The depletion of resources on land together with the increase in resource demand and the parallel development in technologies for deep sea exploration have brought the issue of deep-sea mining to the forefront of political, industrial and scientific debate.
Shallow submarine mining is already a reality in coastal areas, such as the De Beers Marine diamond mining operation in Namibia, in depths up to 150 metres. The current challenge is to move these operations to the deep sea, which contains vast resources of minerals, including manganese, iron, nickel, copper, cobalt, rare earths and gold, often associated with areas of volcanic activity.

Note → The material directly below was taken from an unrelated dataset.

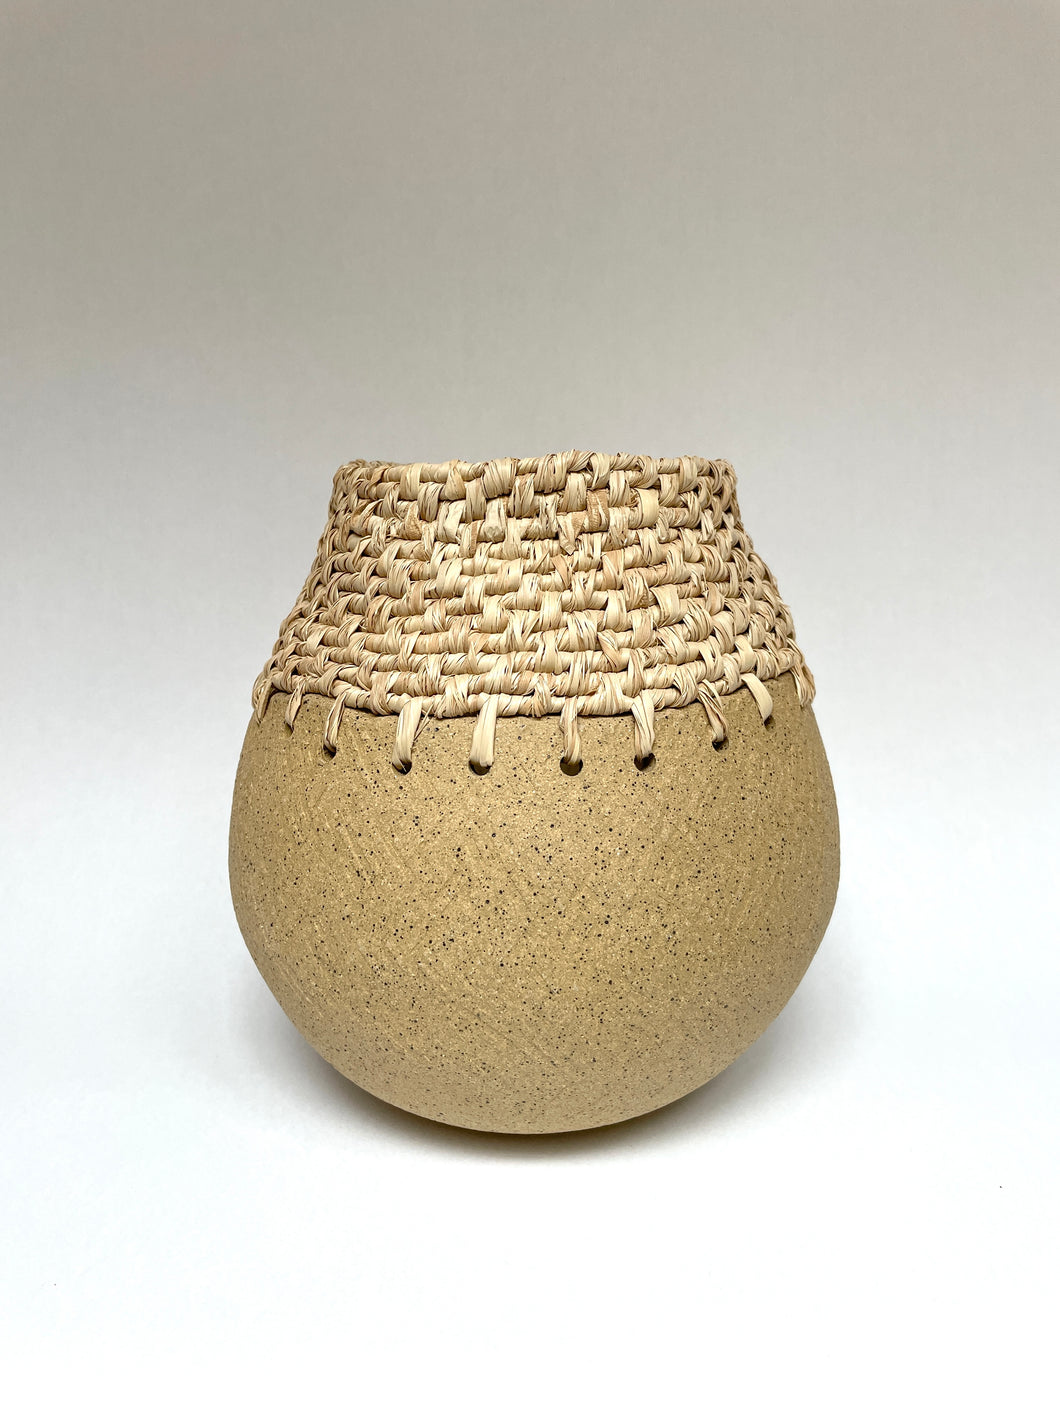 Handbuilt vase with raffia weaving

Whereas nations are sovereign to regulate seabed mining within their economic exclusive zones, the access to resources in the seabed and ocean floor beyond these national jurisdiction waters, referred in United Nation Convention on the Law of the Sea (UNCLOS) as “the Area”, is organized and controlled by the autonomous international organization called “International Seabed Authority” initially established under UNCLOS.

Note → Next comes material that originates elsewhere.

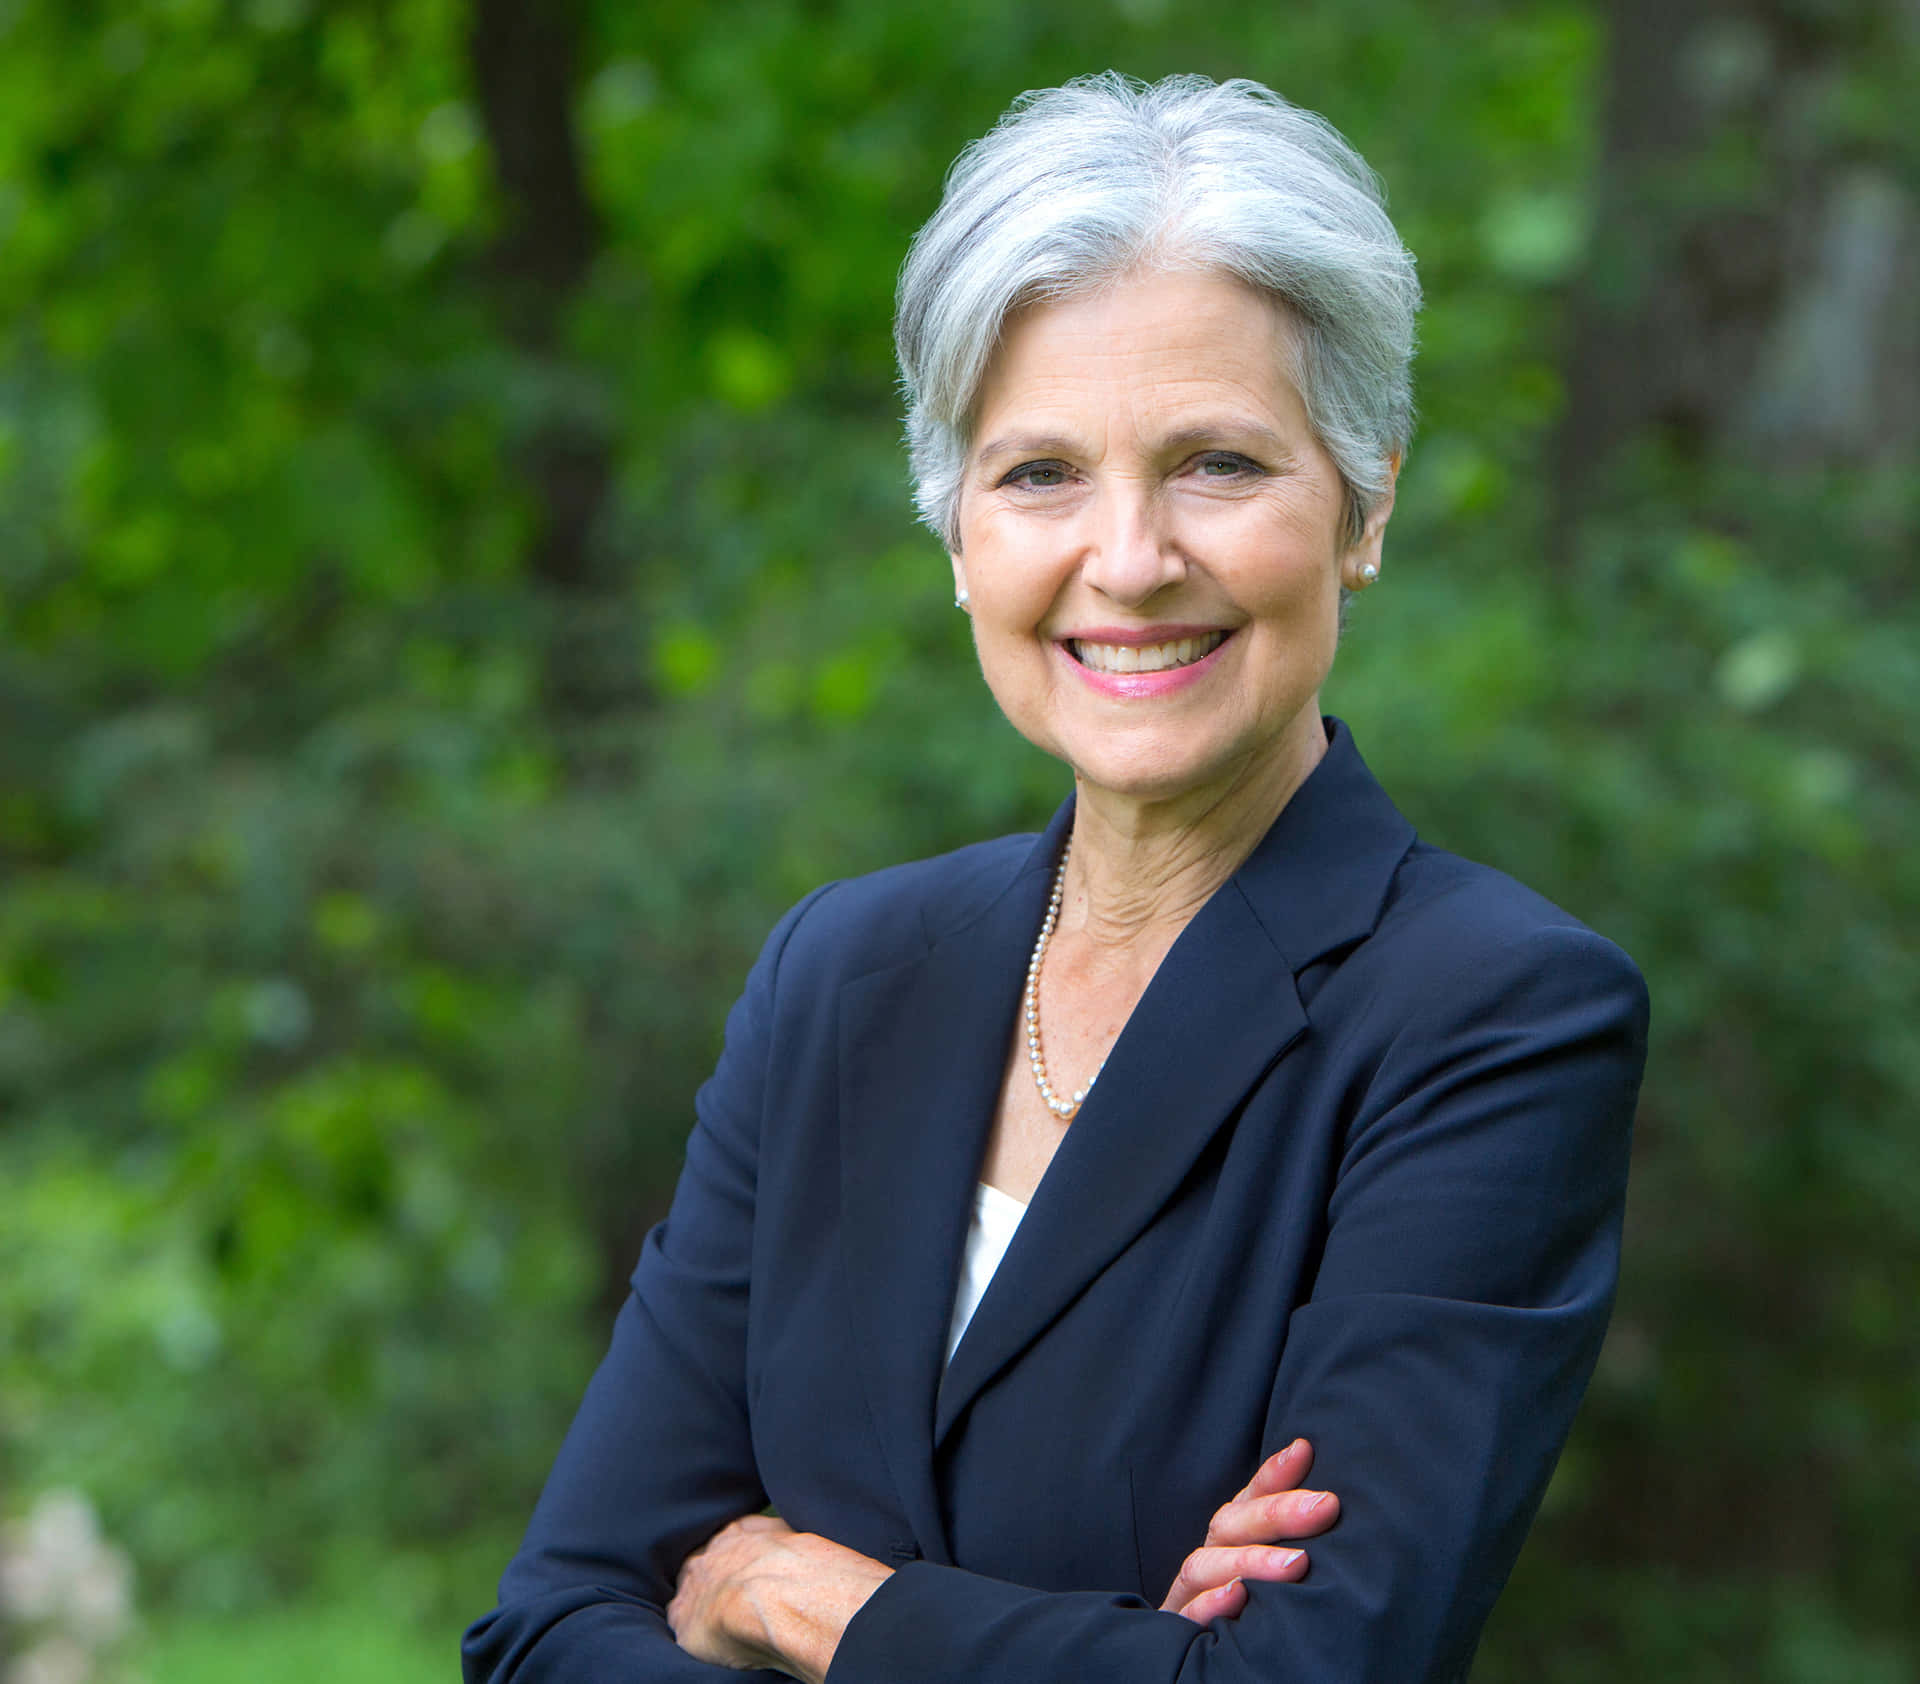 Jill Stein Arms Crossed Pose Wallpaper

To date, the International Seabed Authority has entered into seventeen 15-year contracts for exploration for polymetallic nodules and polymetallic sulphides in the deep seabed with thirteen contractors. Eleven of these contracts are for exploration for polymetallic nodules in the Clarion Clipperton Fracture Zone in the Pacific, with two contracts for exploration for polymetallic sulphides in the South West Indian Ridge and the Mid Atlantic Ridge.
These contracts allow the contractors to explore specified parts of the deep oceans outside national jurisdiction, giving each contractor the exclusive right to explore an initial area of up to 150,000 km2. Russia, China, Korea, Germany and and France are the nations involved in most of these contracts, which include contracts for small nations, such as Nauru, Kiribati and Tonga, whom would likely open them up to tender by international companies.

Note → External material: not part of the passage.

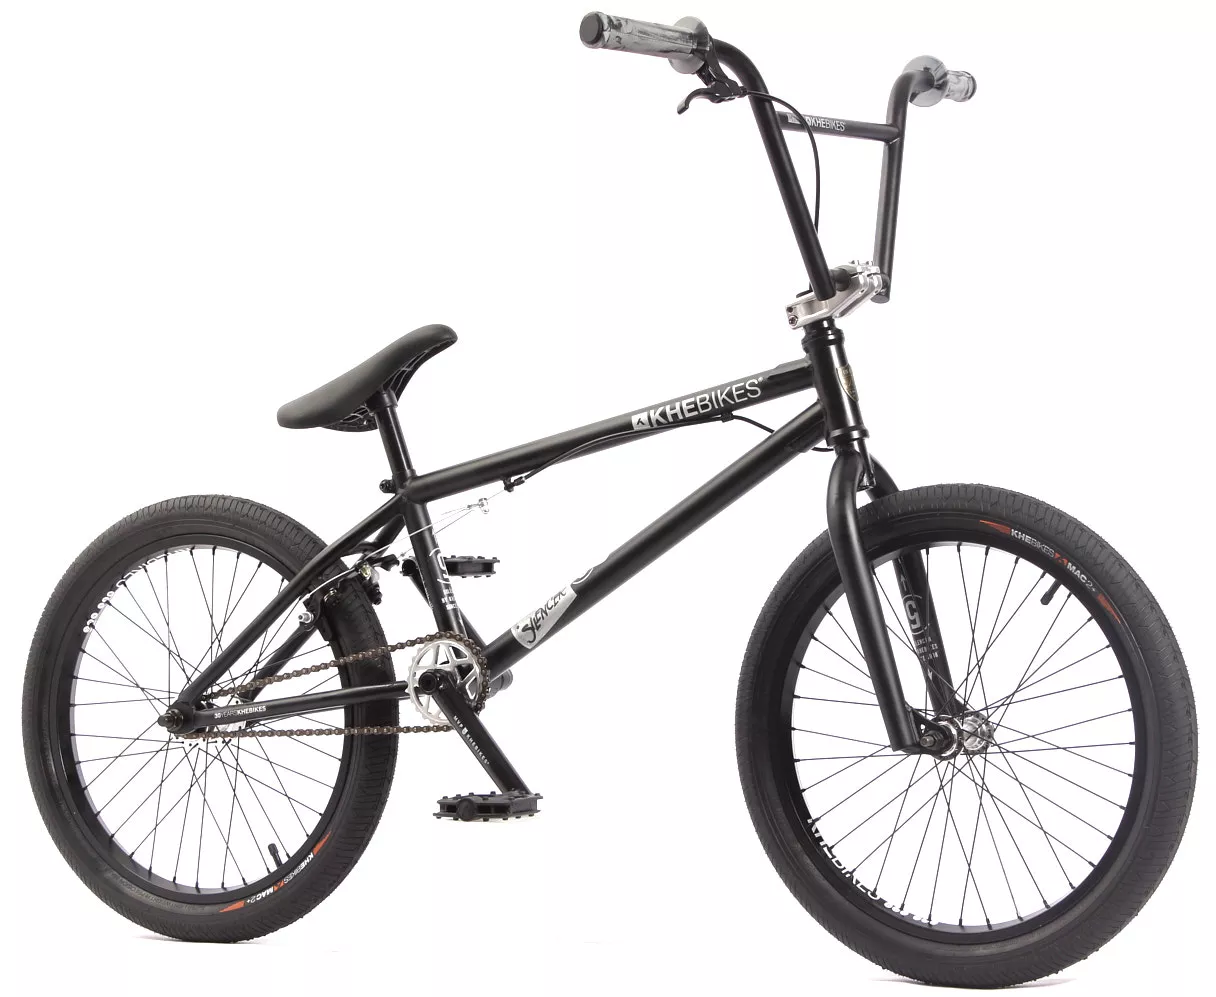 Outlet N3 : BMX bike KHE SILENCER LT 20 inch 21.8lbs

Indeed, at a summit on Deep-Sea Mining in London two months ago Mark Brown, Minister of Minerals and Natural Resources of the Cook Islands, announced that the Cook Islands is embracing deep-sea mining as a pathway to multiply the country’s gross domestic product by up to 100 fold, as they assessed that the Cook Islands’ 2 million Km2 exclusive economic zone contains 10 billion tons of manganese nodules, which contain manganese, nickel, copper, cobalt and rare earth minerals used in electronics. Negotiations are under way between the Cook Islands and companies in the UK, China, Korea, Japan and Norway, towards granting the first tenders within a year.
These facts suggest that we may soon face and underwater gold rush, but in most citizen’s minds deep-sea mining is still something for sci-fic movies. Much to the contrary, the technology for deep-sea mining is not something of the future but it is largely existing. A deep-sea mining operation consists of a mining support platform or vessel; a launch and recovery system; a crawler with a mining head, centrifugal pump and vertical transport system; and electrical, control, instrumentation and visualization systems. Companies such as Lockheed Martin, Soil Machine Dynamics, IHC Mining and Bauer or Nautilus Minerals are developing vehicles for deep-sea mining, pledging they are in the position to readily develop techniques to operate down to 5,000 metre depth. Indeed, the submarine vehicles required are already in existence and their operations are described in compelling animations.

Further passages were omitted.